PROBLEM STATEMENT - Each line below is to be repeated exactly; any picture is to be left out.

GIVEN INFORMATION START

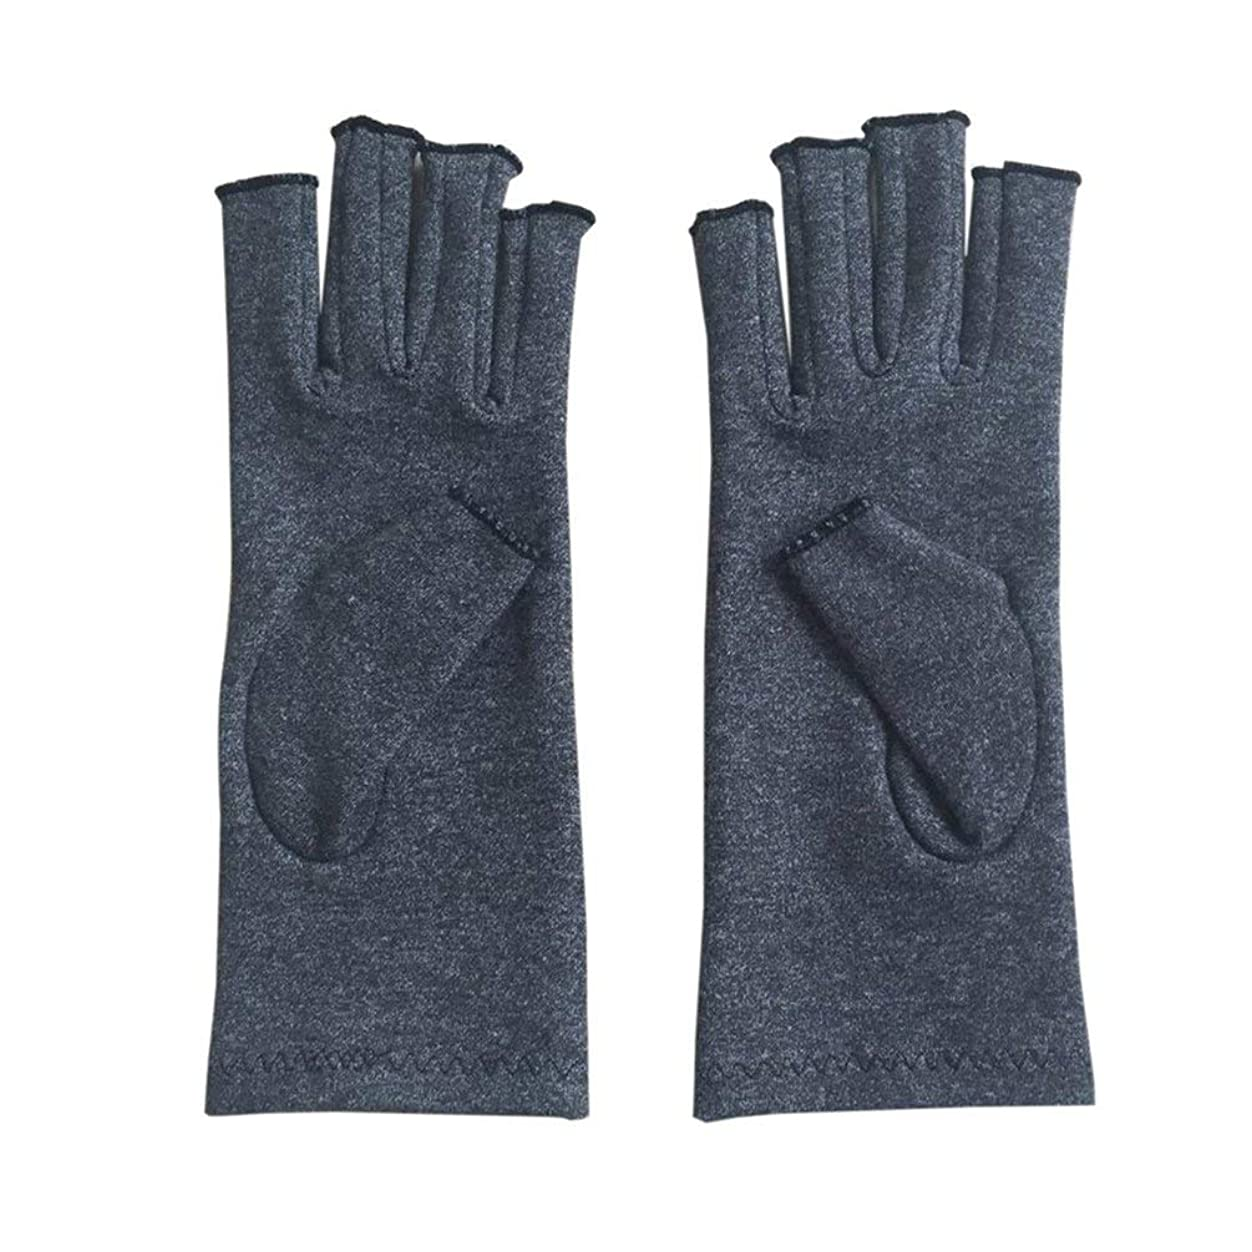 特異な特派員履歴書Aペア/セットの快適な男性の女性療法の圧縮手袋ソリッドカラーの通気性関節炎関節痛軽減手袋 - グレーL
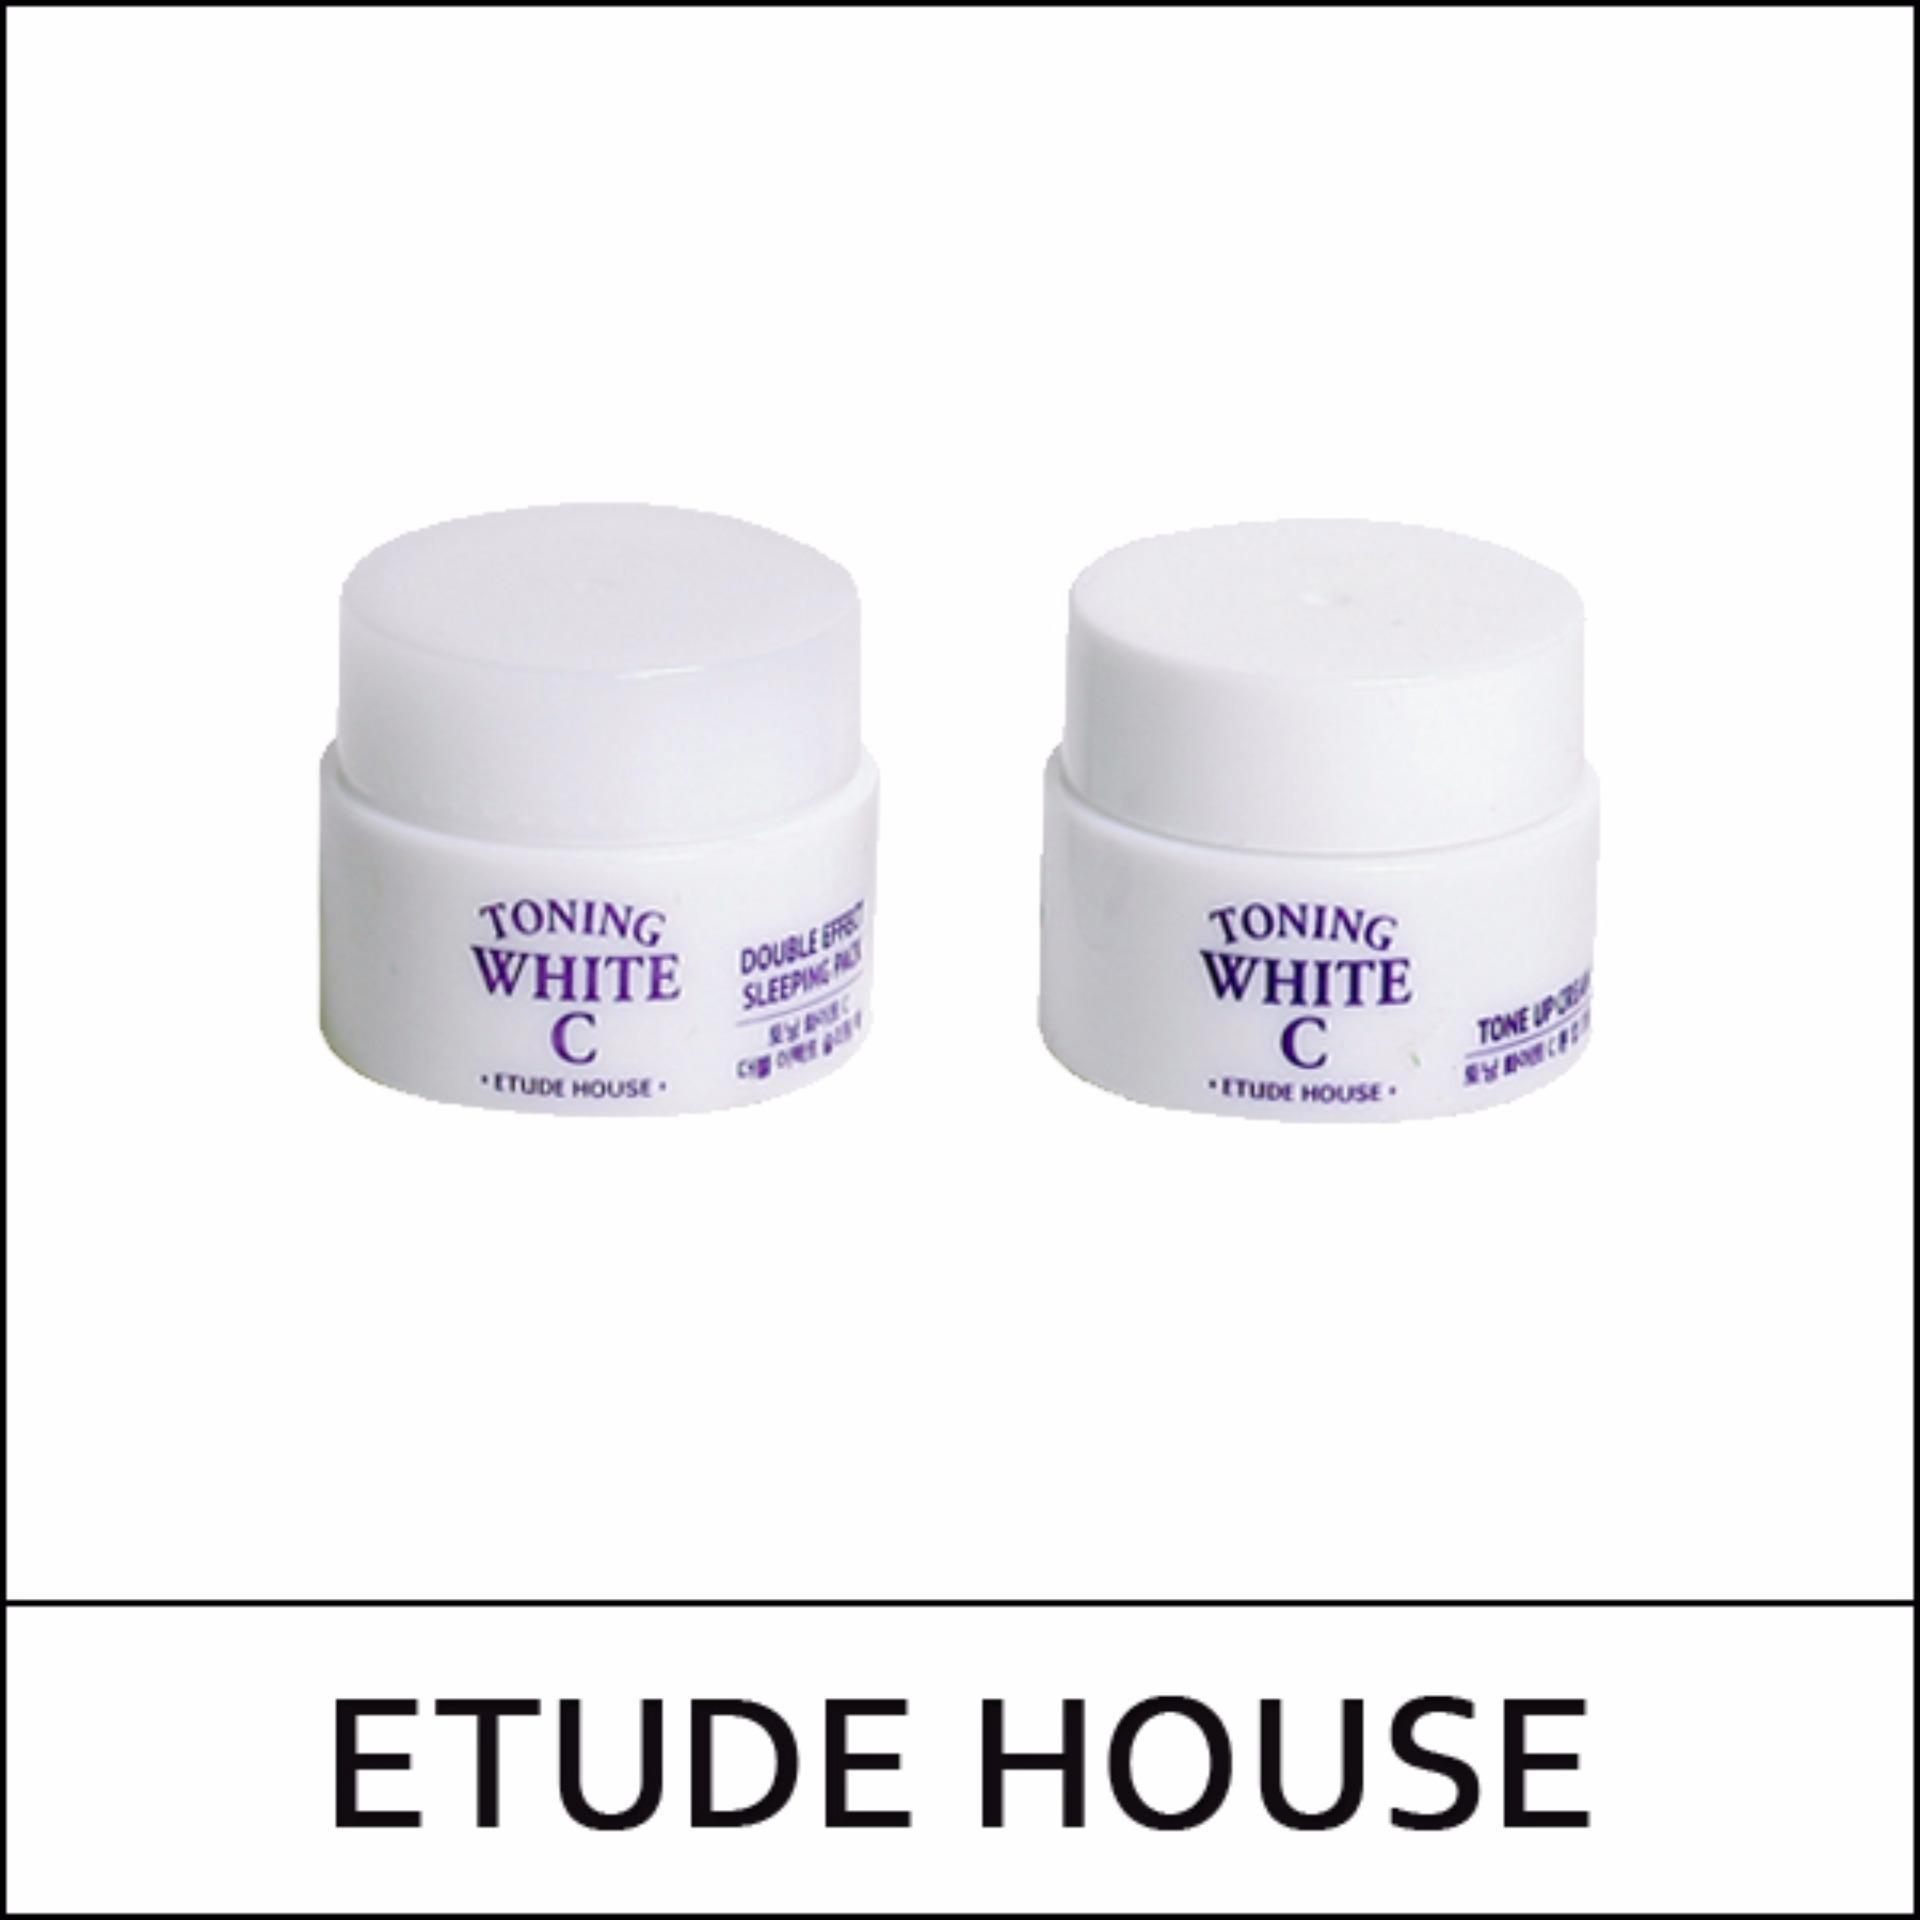 etude-house-toning-white-c-value-kit-1234-89229555-74384c9ca9488f744126232fd5f08a4d 10 List Harga Pelembab Wajah Etude Termurah minggu ini
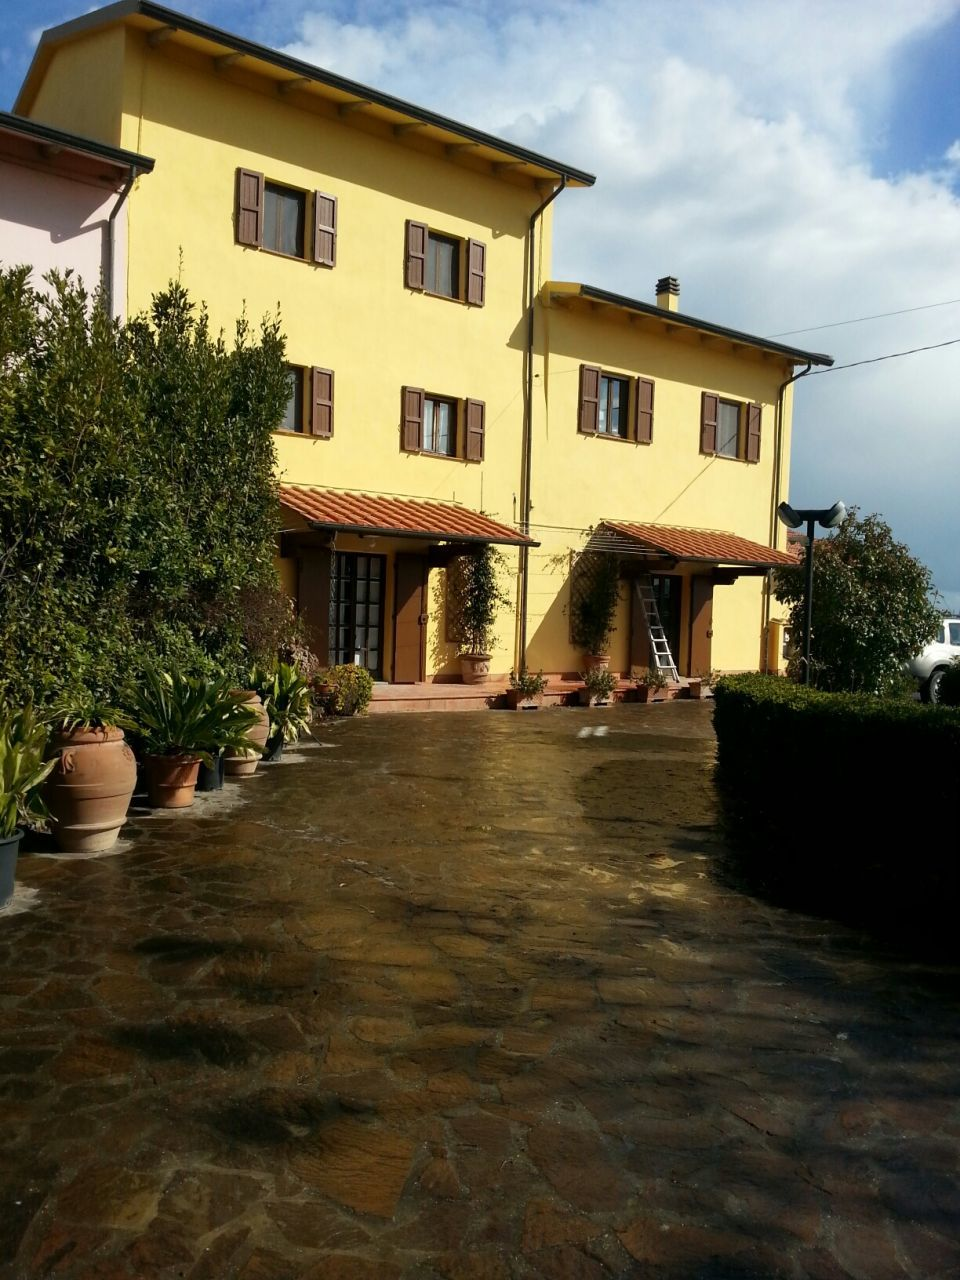 Rustico / Casale in vendita a Cascina, 9999 locali, prezzo € 850.000 | Cambio Casa.it
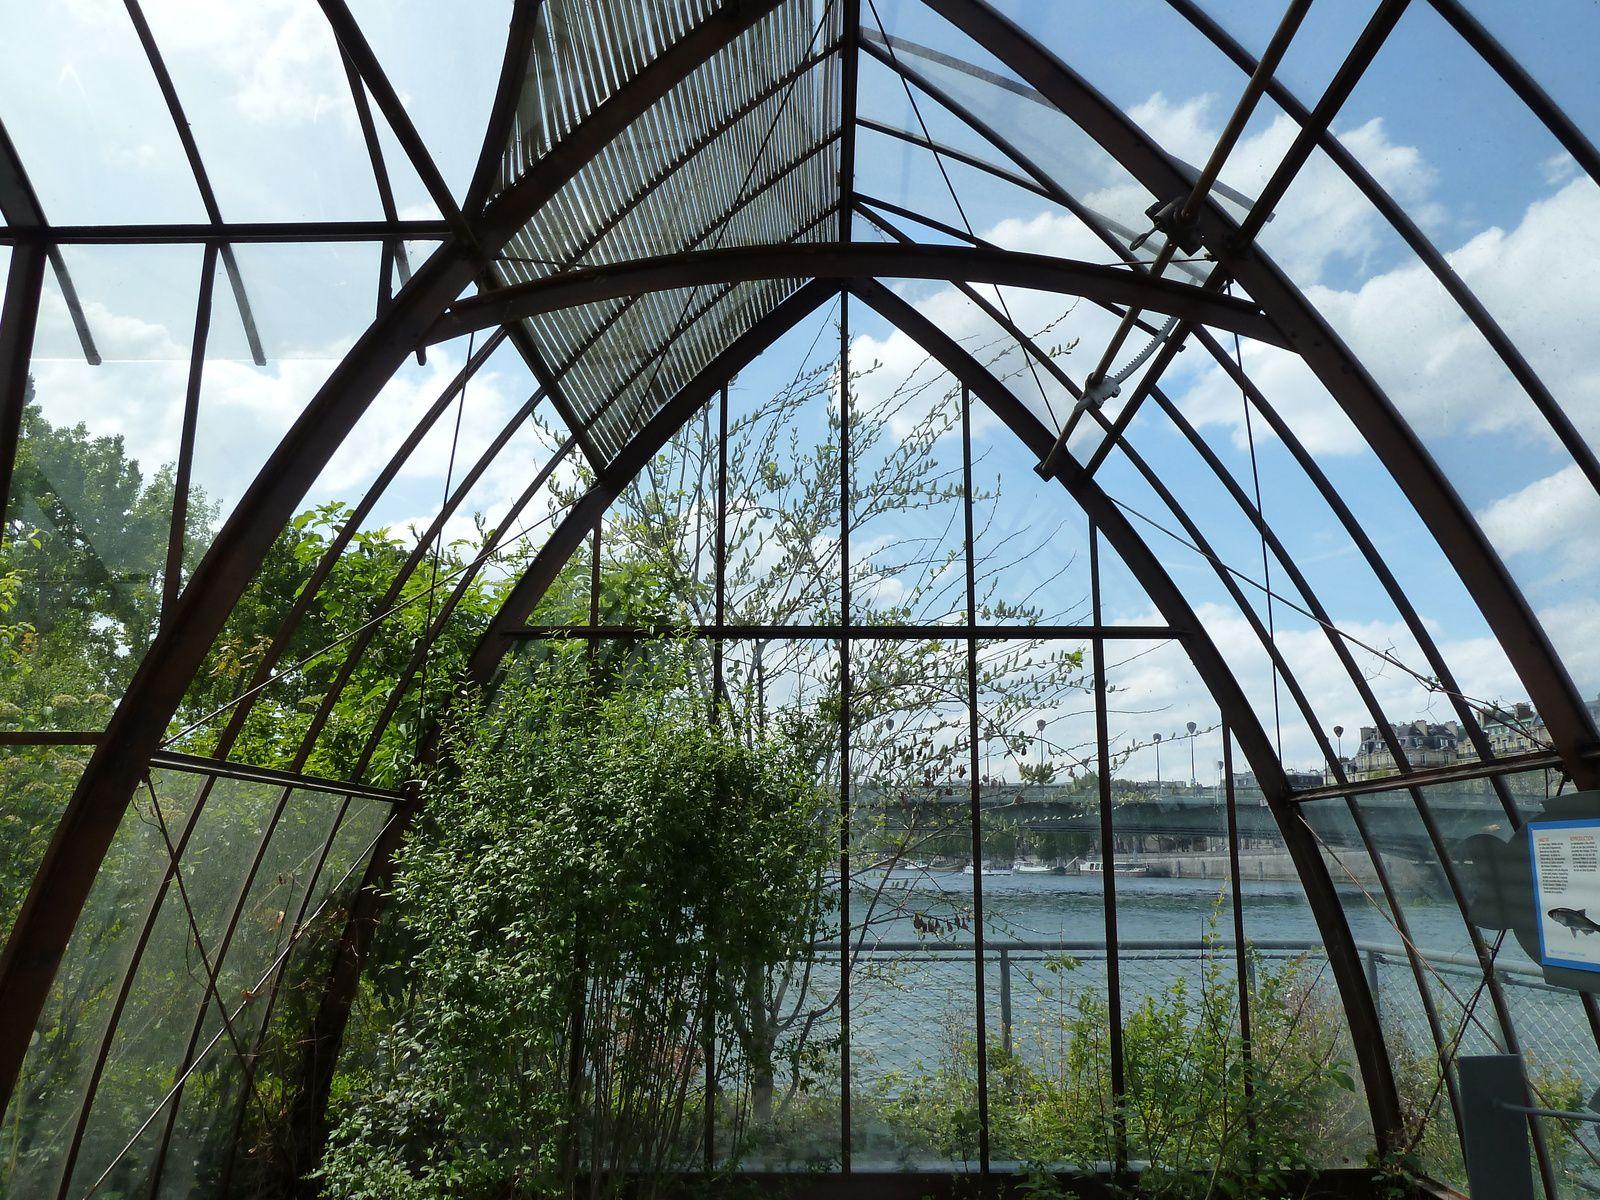 Une exposition sur les poissons d'eau douce est hébergée sous cette légère verrière des jardins flottants des berges aménagés en 2013.

GIVEN INFORMATION END

SOLUTION FOR THIS TASK -
 特異な特派員履歴書Aペア/セットの快適な男性の女性療法の圧縮手袋ソリッドカラーの通気性関節炎関節痛軽減手袋 - グレーL
 etude-house-toning-white-c-value-kit-1234-89229555-74384c9ca9488f744126232fd5f08a4d 10 List Harga Pelembab Wajah Etude Termurah minggu ini
 Rustico / Casale in vendita a Cascina, 9999 locali, prezzo € 850.000 | Cambio Casa.it
 Une exposition sur les poissons d'eau douce est hébergée sous cette légère verrière des jardins flottants des berges aménagés en 2013.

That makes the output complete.